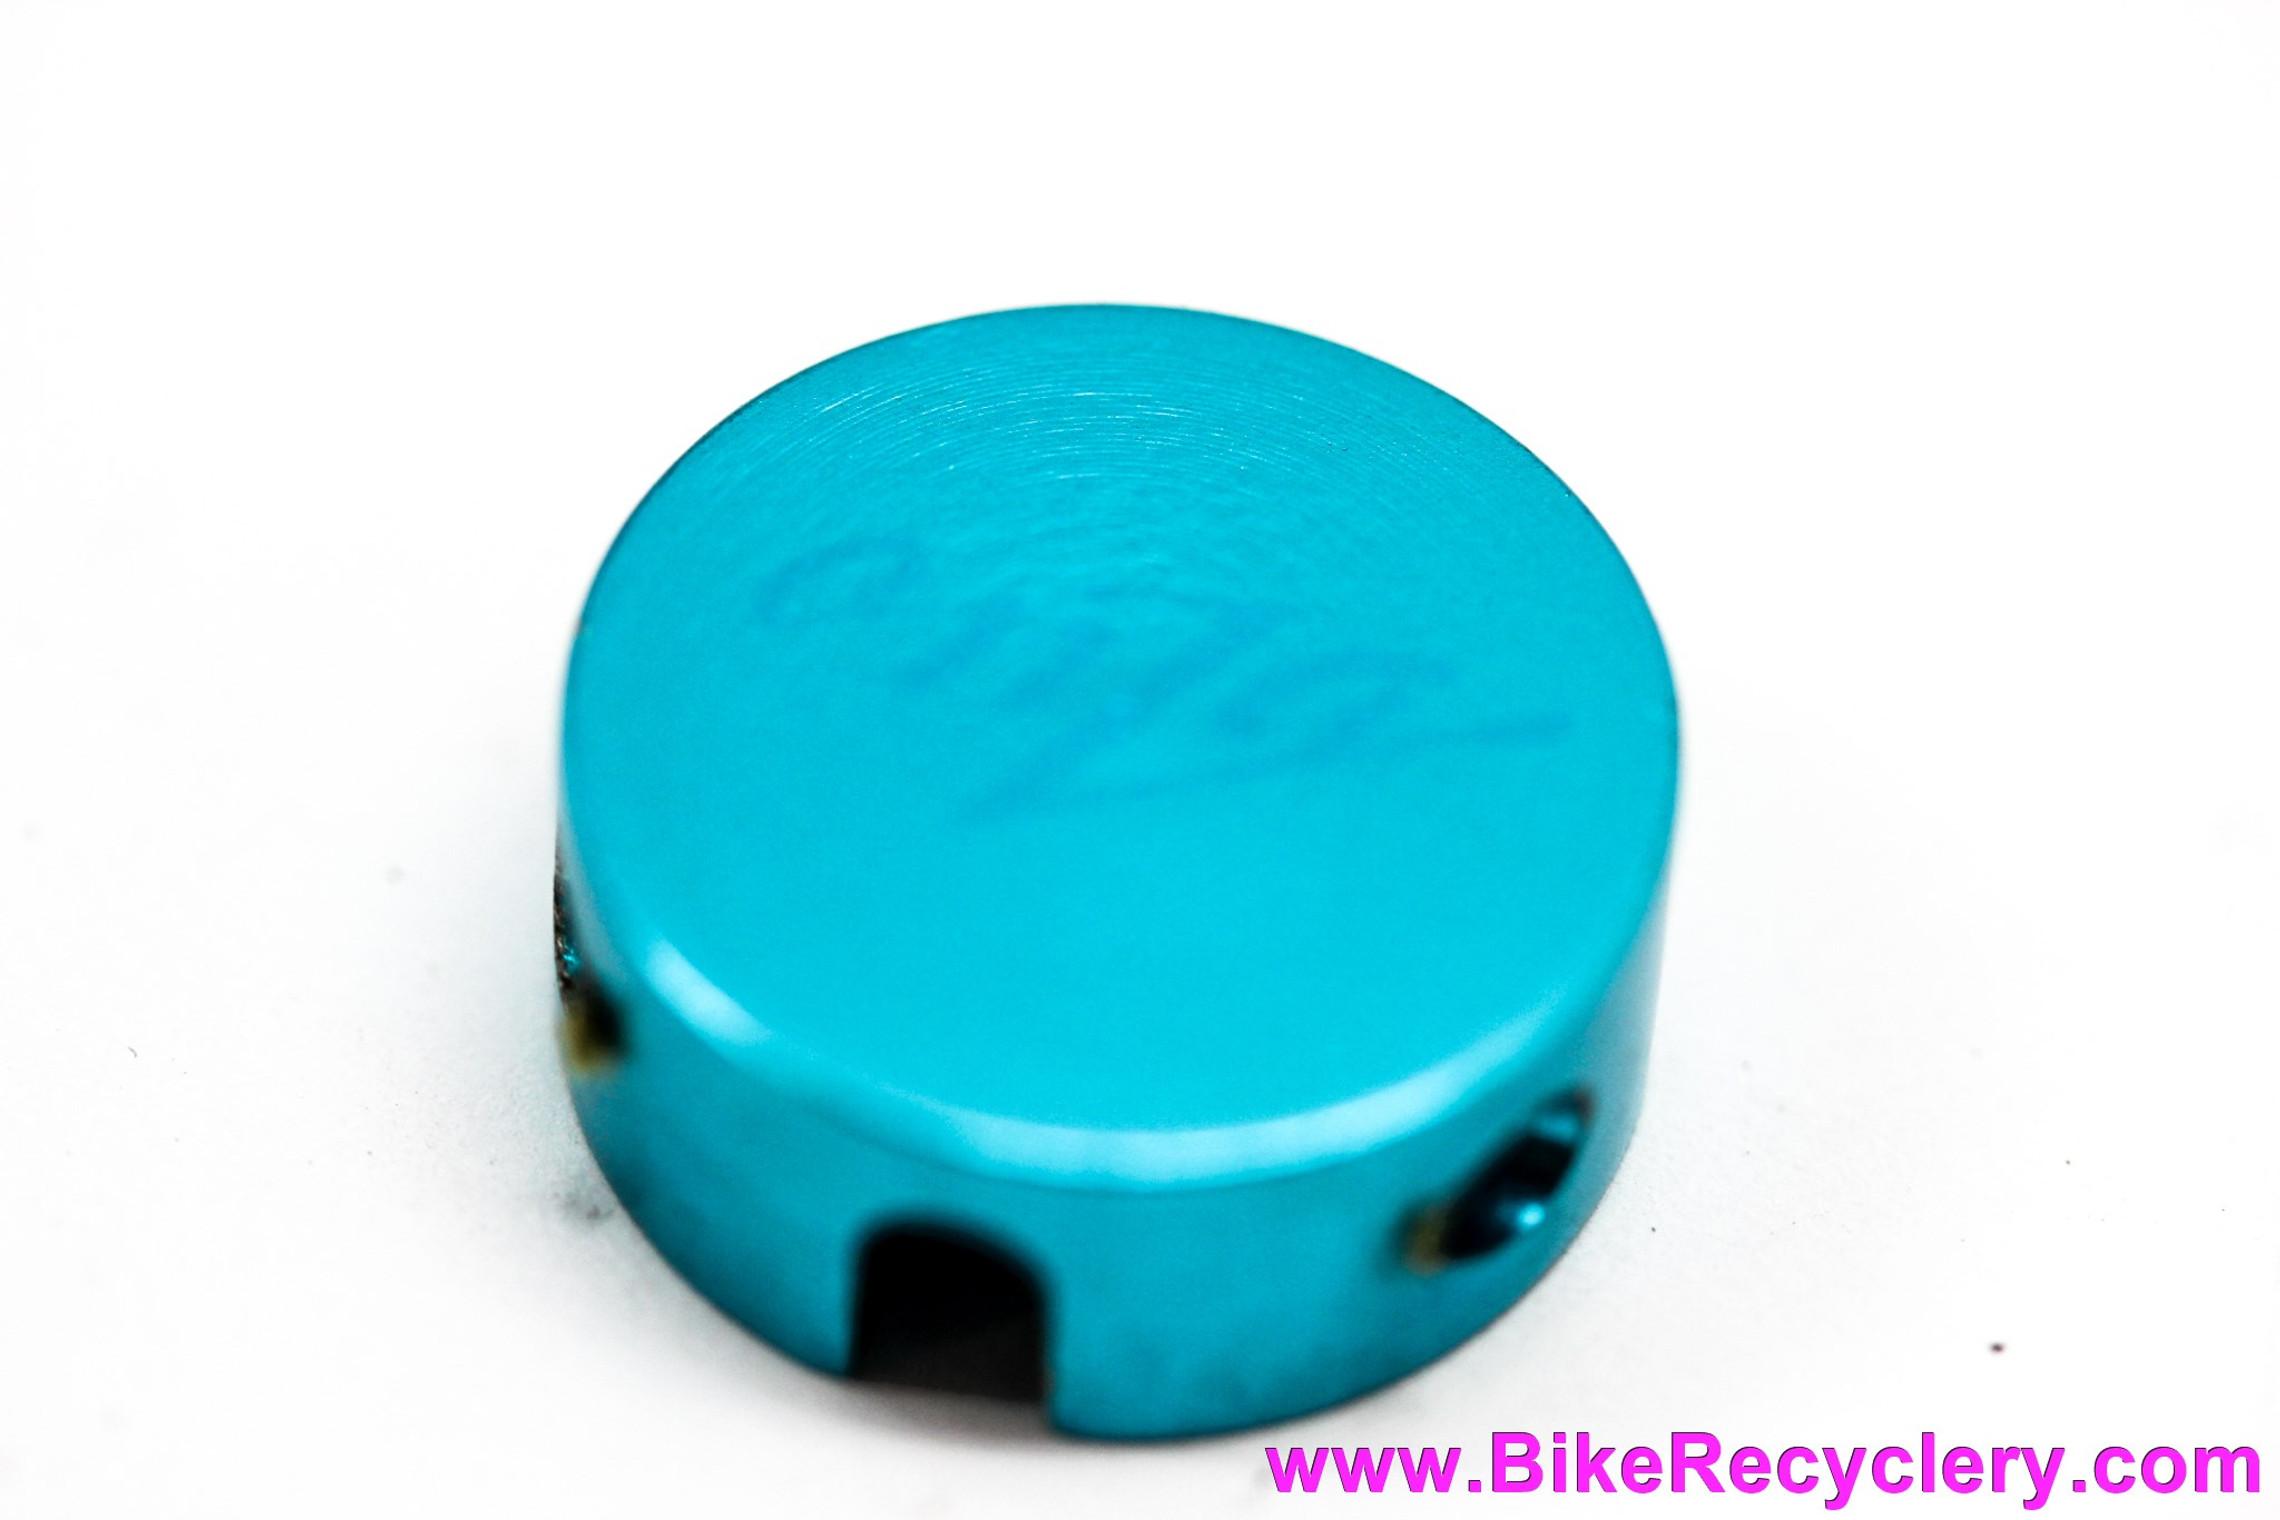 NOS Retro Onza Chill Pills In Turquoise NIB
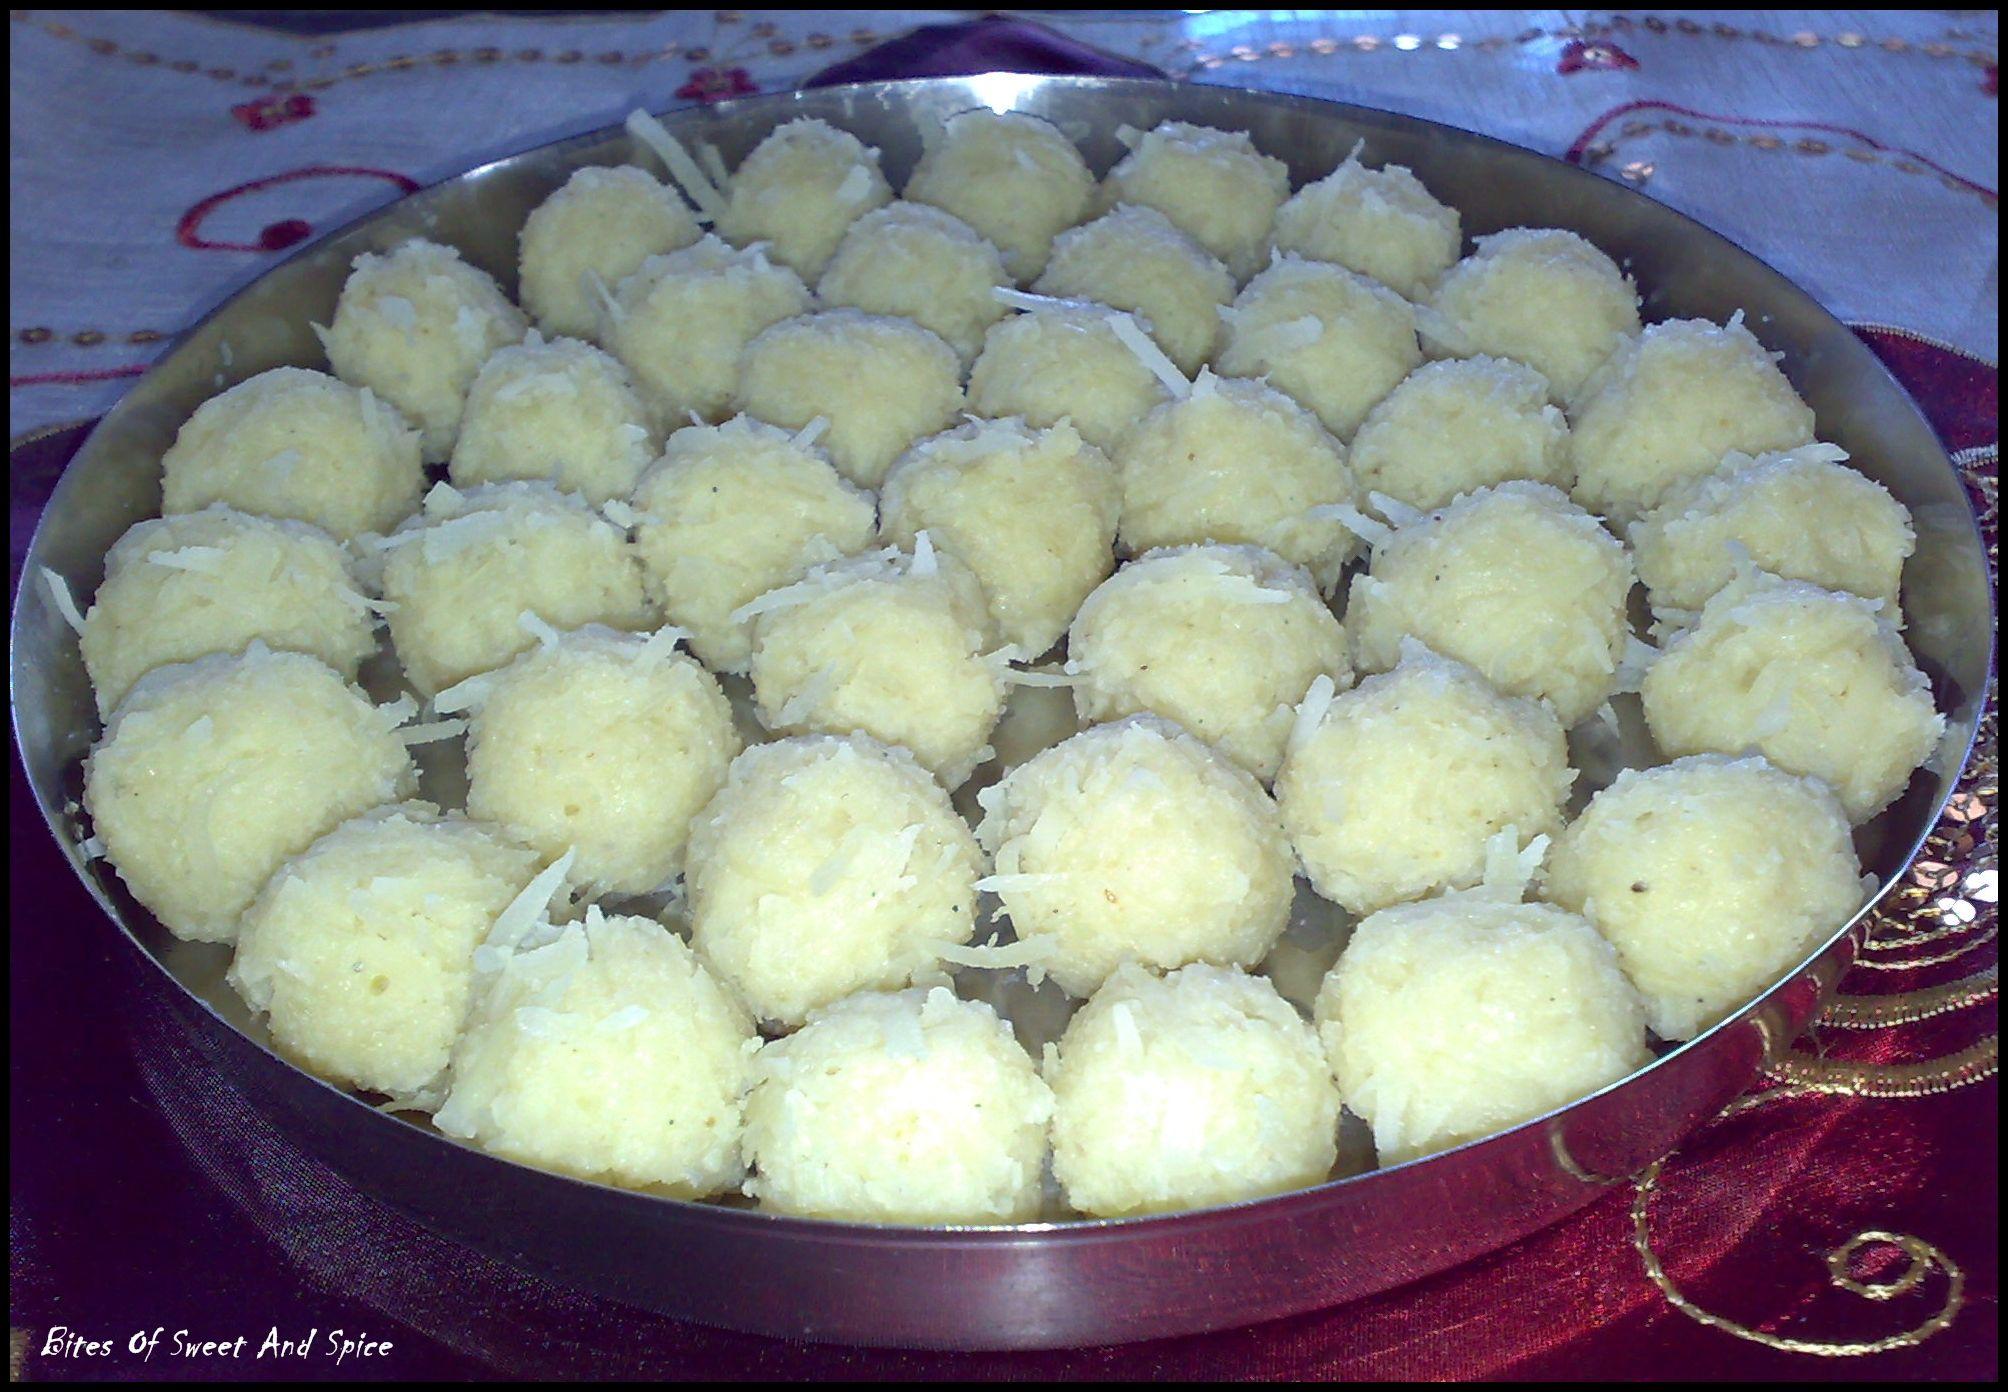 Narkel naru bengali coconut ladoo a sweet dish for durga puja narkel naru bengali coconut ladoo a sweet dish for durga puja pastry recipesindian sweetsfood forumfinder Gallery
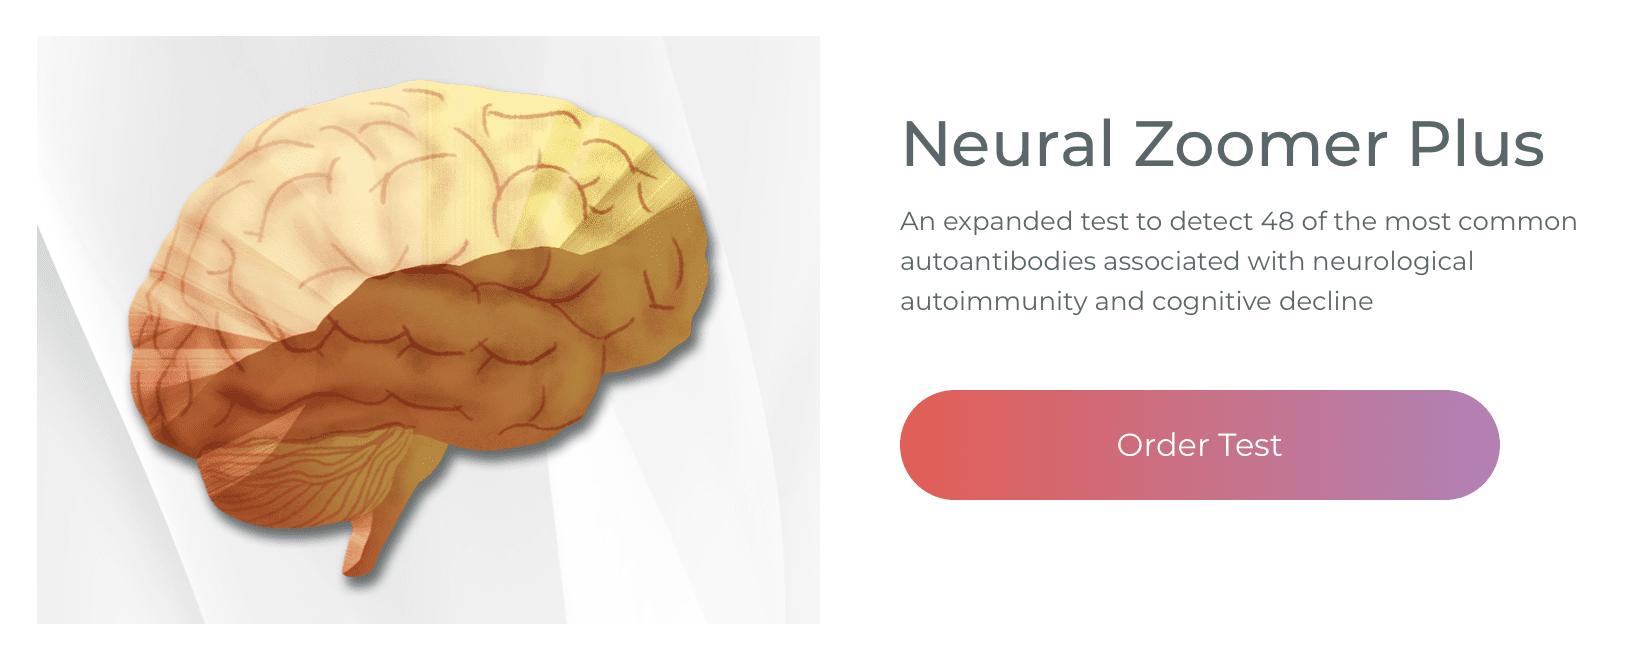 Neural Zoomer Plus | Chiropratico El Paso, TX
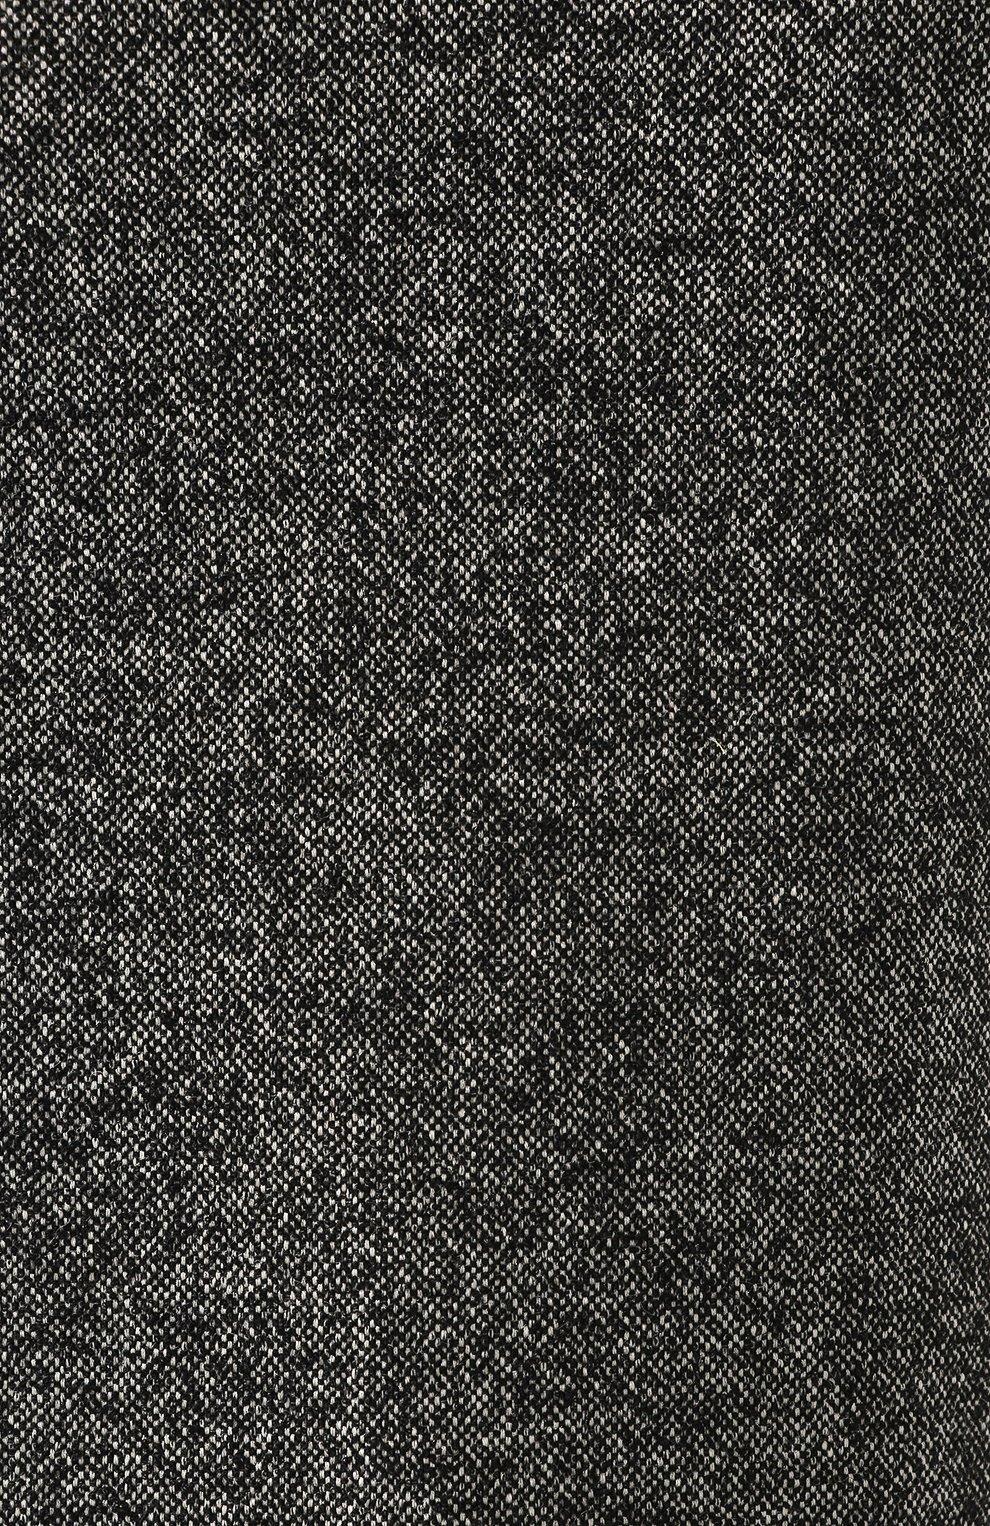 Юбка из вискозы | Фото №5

-.-.-

Leave out the pictures, and retype exactly the lines from the one containing "sweetsfood forumfinder Gallery" through the final line of the data.

 Narkel naru bengali coconut ladoo a sweet dish for durga puja narkel naru bengali coconut ladoo a sweet dish for durga puja pastry recipesindian sweetsfood forumfinder Gallery
 Neural Zoomer Plus | Chiropratico El Paso, TX
 Юбка из вискозы | Фото №5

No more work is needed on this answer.